C'est plus fort que moi, je vous blaire pas, heu pardon, voilà que je cause comme vous. Je ne vous aime pas. Je ne peux pas voir votre image ni entendre votre voix sans être prise d'une rage destructrice. Je parle toute seule, et je fais même peur à mes chats, c'est dire.
Non, parce que ce que je vois autour de moi, c'est la vraie misère. Celle que vous aviez promis d'éradiquer. Avant. Quand vous aviez envie d'être président devant votre barbe à raser tous les matins.
Vous voulez quelques exemples ?
Tous les matins, justement, en allant travailler, je croise un couple âgé, ou sans âge, digne et miséreux. Lui, marchant devant, en costume sombre, chapeau sur la tête, elle trottinant derrière, dans un manteau loqueteux, tirant une valise à roulettes. Ils sont virés tous les matins de leur abri de misère. Je n'ai encore pas osé m'adresser à eux. Dès que je me sentirai capable d'affronter leur histoire sans avoir envie de venir en personne vous la raconter yeux dans les yeux, je vous ferai parvenir un compte-rendu.

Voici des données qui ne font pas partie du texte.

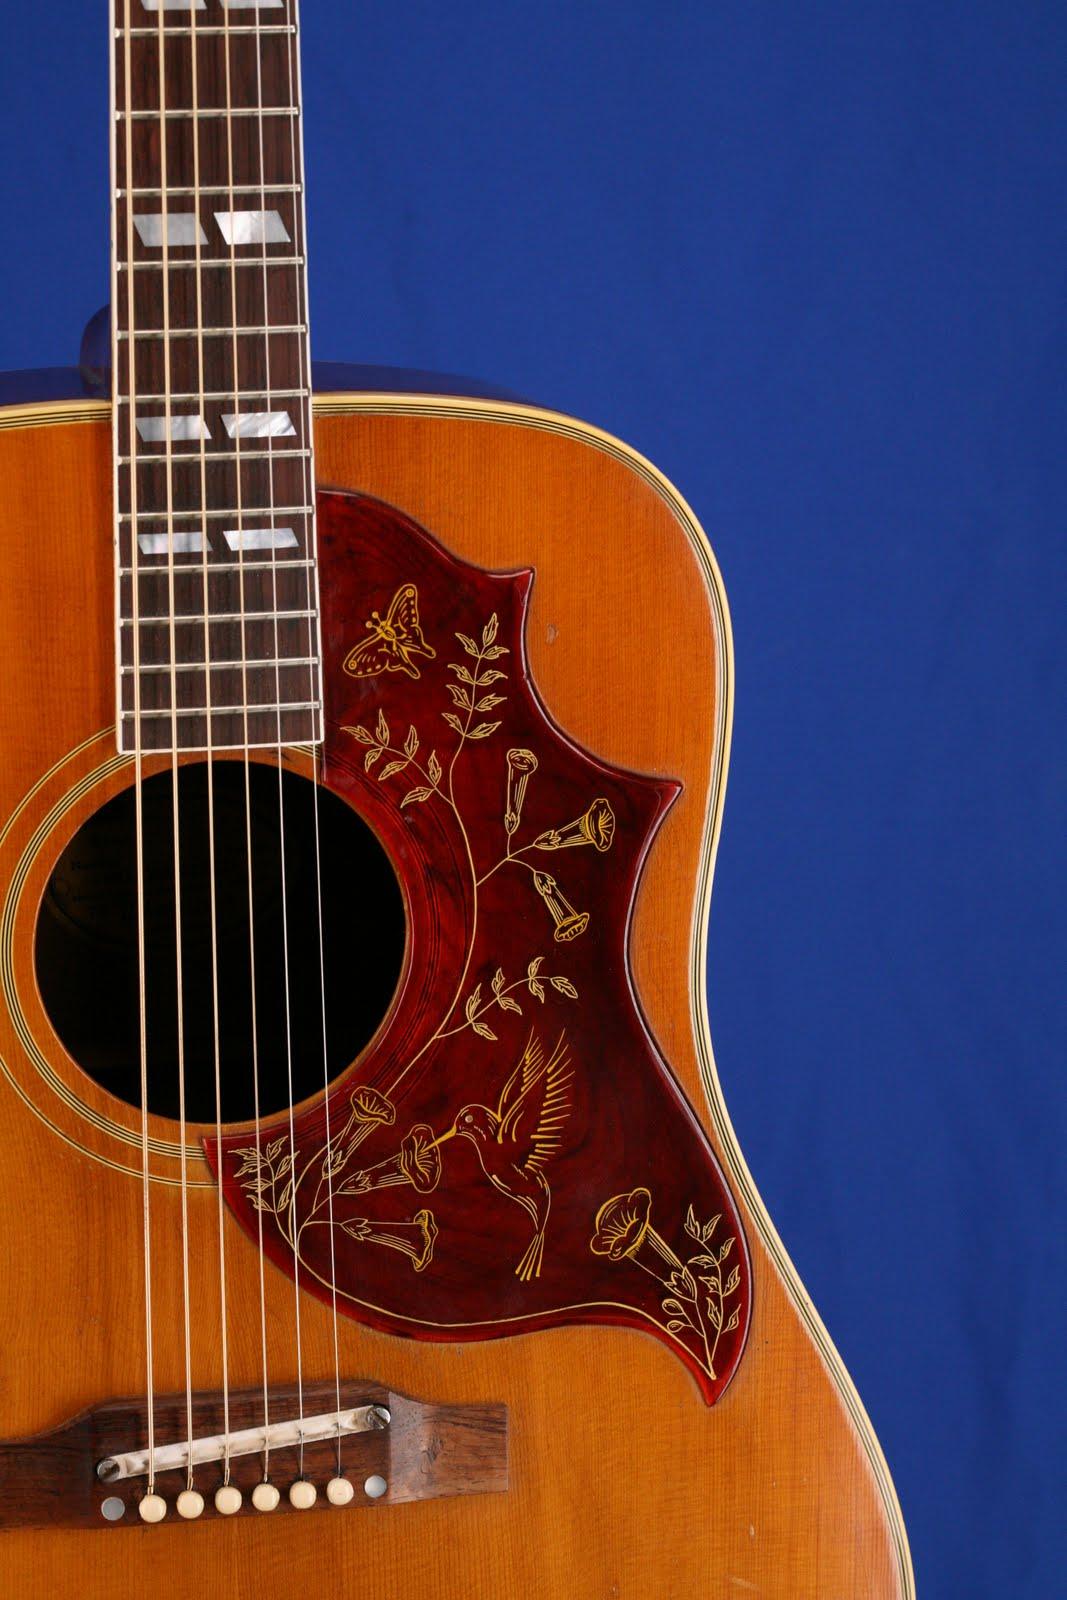 Guitars-A-Go-Go: 1965 Gibson Hummingbird

Je vois aussi tous les matins la niche à chien installée face à la banque, dans la rue principale. Clément est parti, un autre a pris la place chaude, si on peut dire. Comme il n'y en a qu'une de niche à chien, vous pensez bien que celui qui a l'immense chance de dormir dedans plutôt que sur le trottoir, il la garde farouchement. Ça aussi, j'aimerais venir vous en parler.
Autant vous mettre à l'aise tout de suite, c'est pas de politique que je viens vous causer. Heu pardon, ça me reprend, vous parler. J'y pige que dalle à la politique. Ce que je vois moi, c'est tout ça. Ce que je viens de vous décrire. Je vois aussi mes parents, petits retraités (ouf propriétaires!) mais qui rabotent leurs dépenses. Je vois mes collègues de travail, quand elles consultent leur compte en banque, se demandant si les courses ce mois-ci elles vont les faire chez Lidl ou Casino.

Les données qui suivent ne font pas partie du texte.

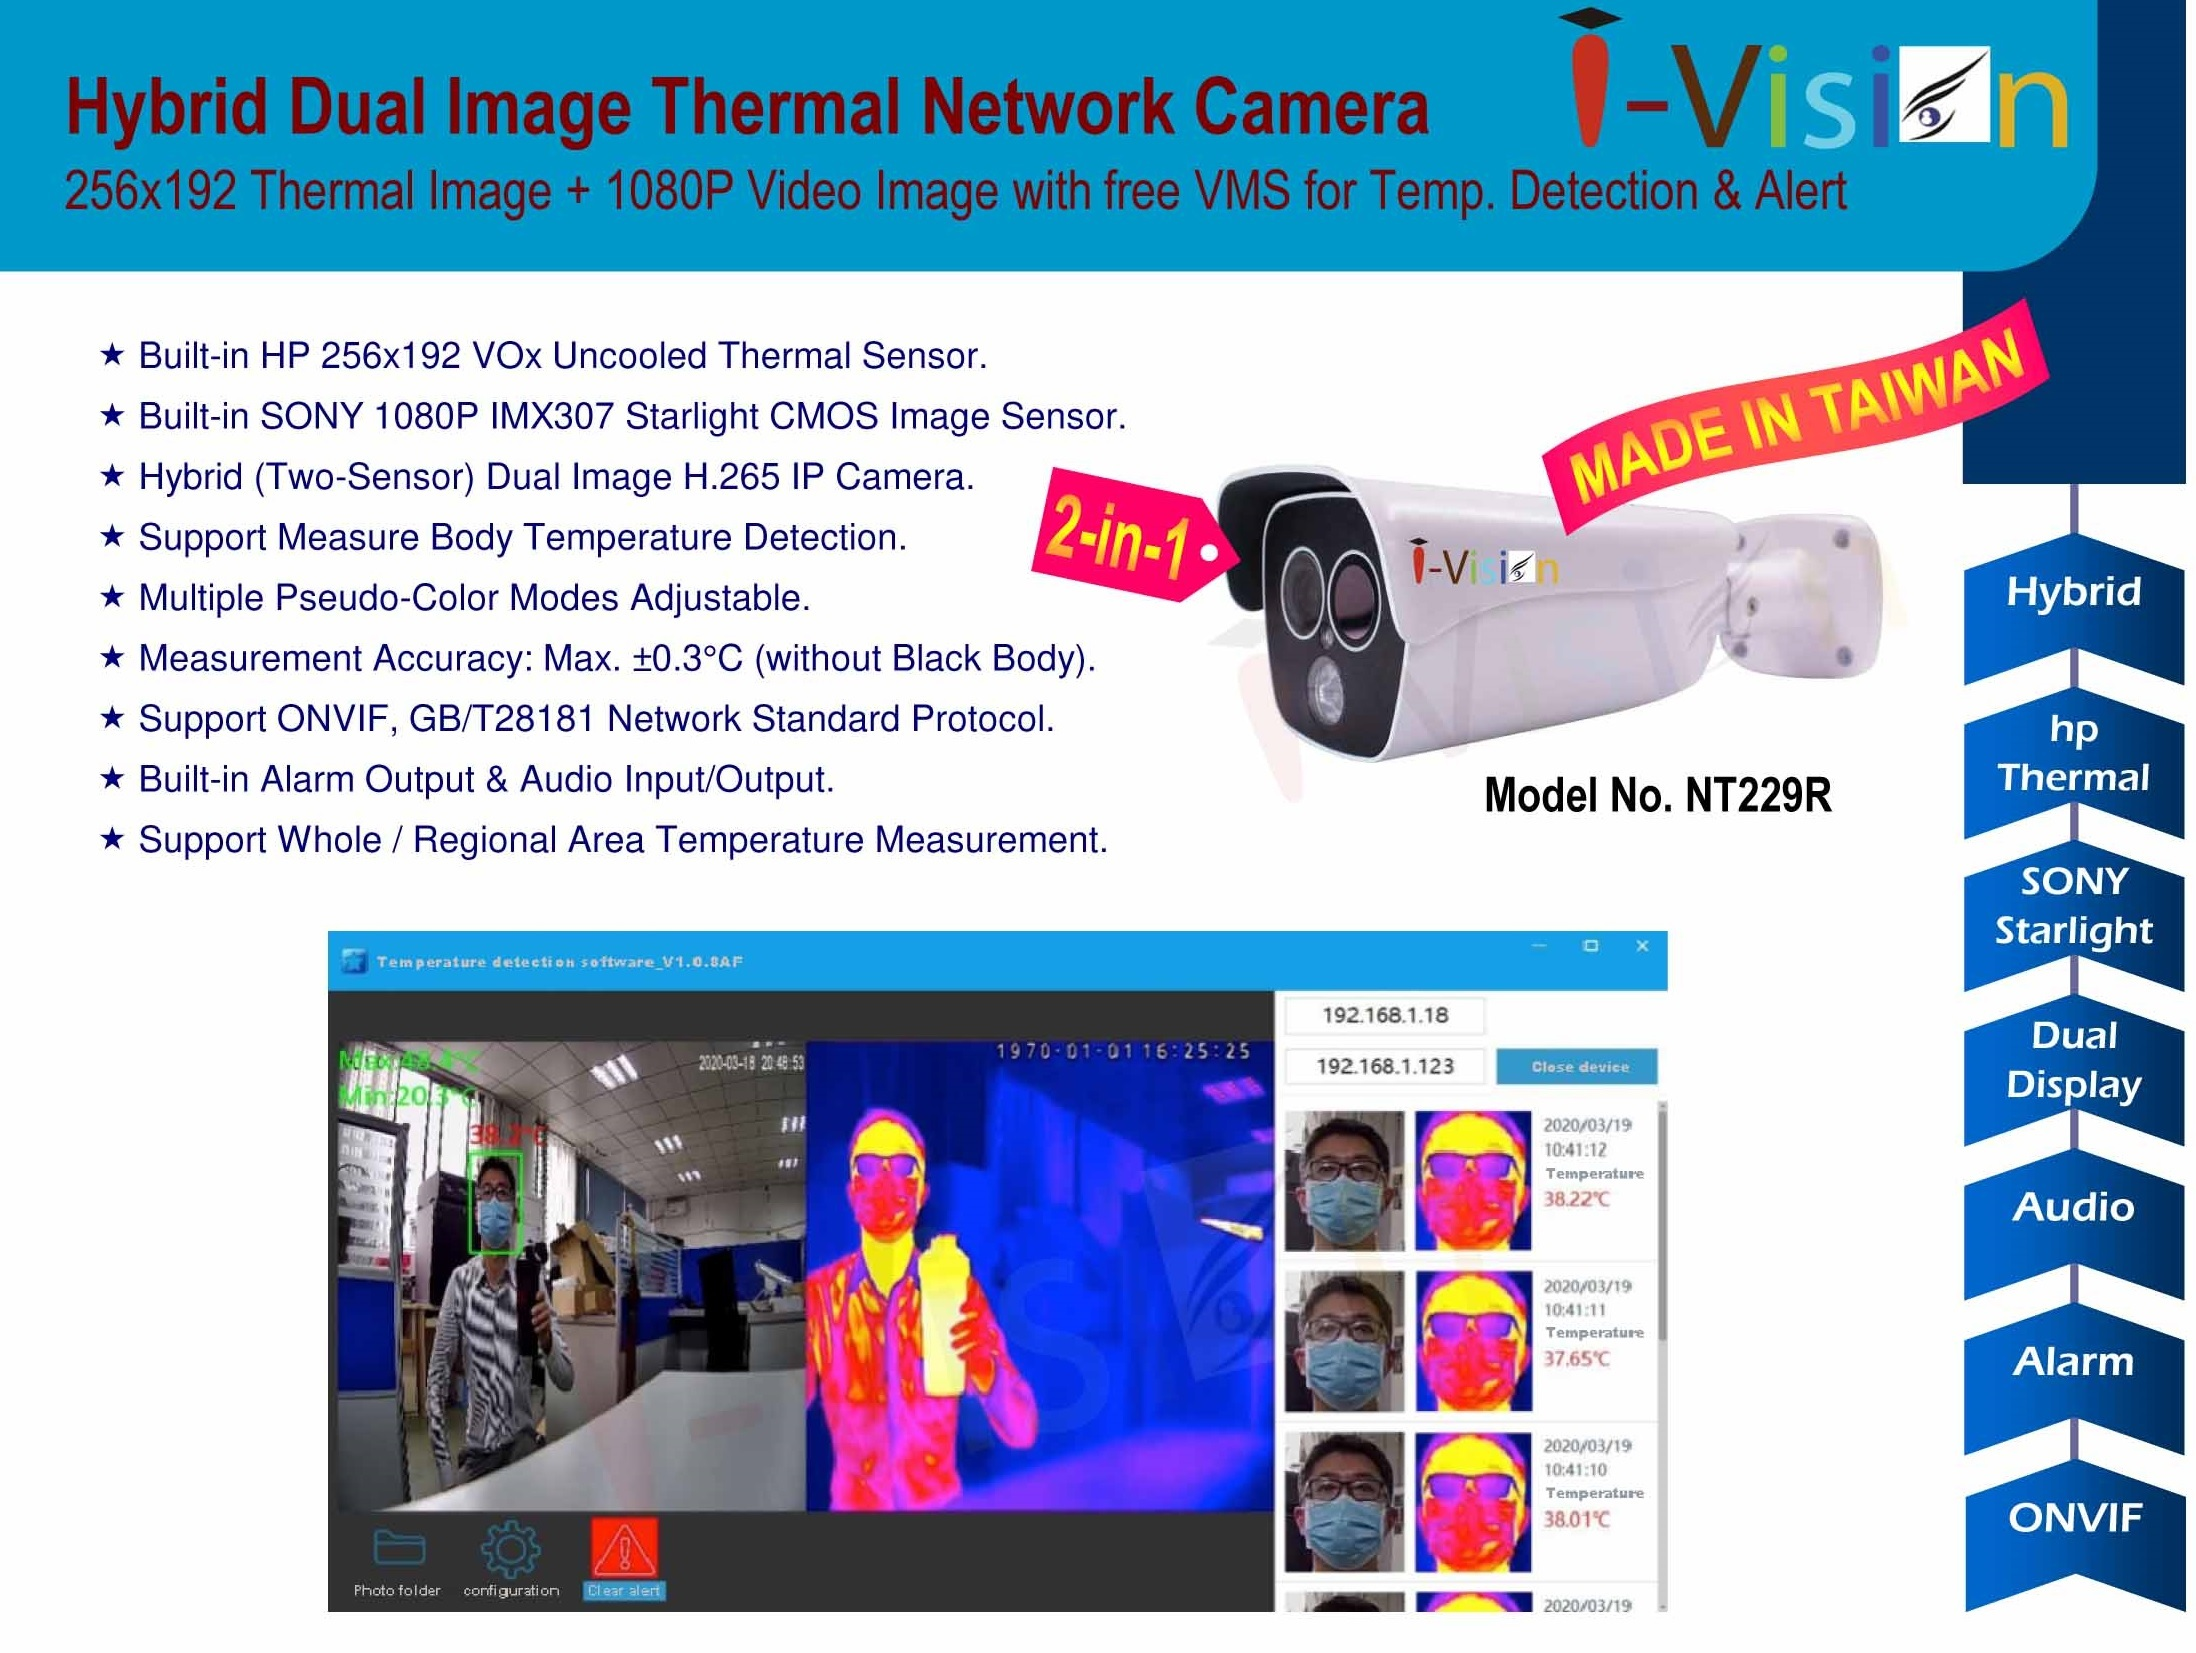 Hybrid Dual Image Thermal Network Camera

Vous, ça va ? C'est du bio que vous mangez ? Vous voulez que je vous raconte les courses des gens pauvres ? Du moins de ceux qui travaillent et qui arrivent à avoir un salaire. Les autres, les courses, c'est souvent Resto du cœur, là où vous êtes allé, courageusement, avec tant d'accompagnateurs.
Alors, monsieur le Président, je vais vous dire une bonne chose. Demain soir, vous fatiguez pas. Heu, pardon, ne vous fatiguez pas. Renoncez. Pour une fois, faites comme si vous nous aimiez. Un tout petit peu. Dites-nous au revoir. Vous pouvez même le dire à la manière de monsieur Giscard, ou bien plus solennellement, mais un geste, un coucou de la main suffira pour des millions d'ovations.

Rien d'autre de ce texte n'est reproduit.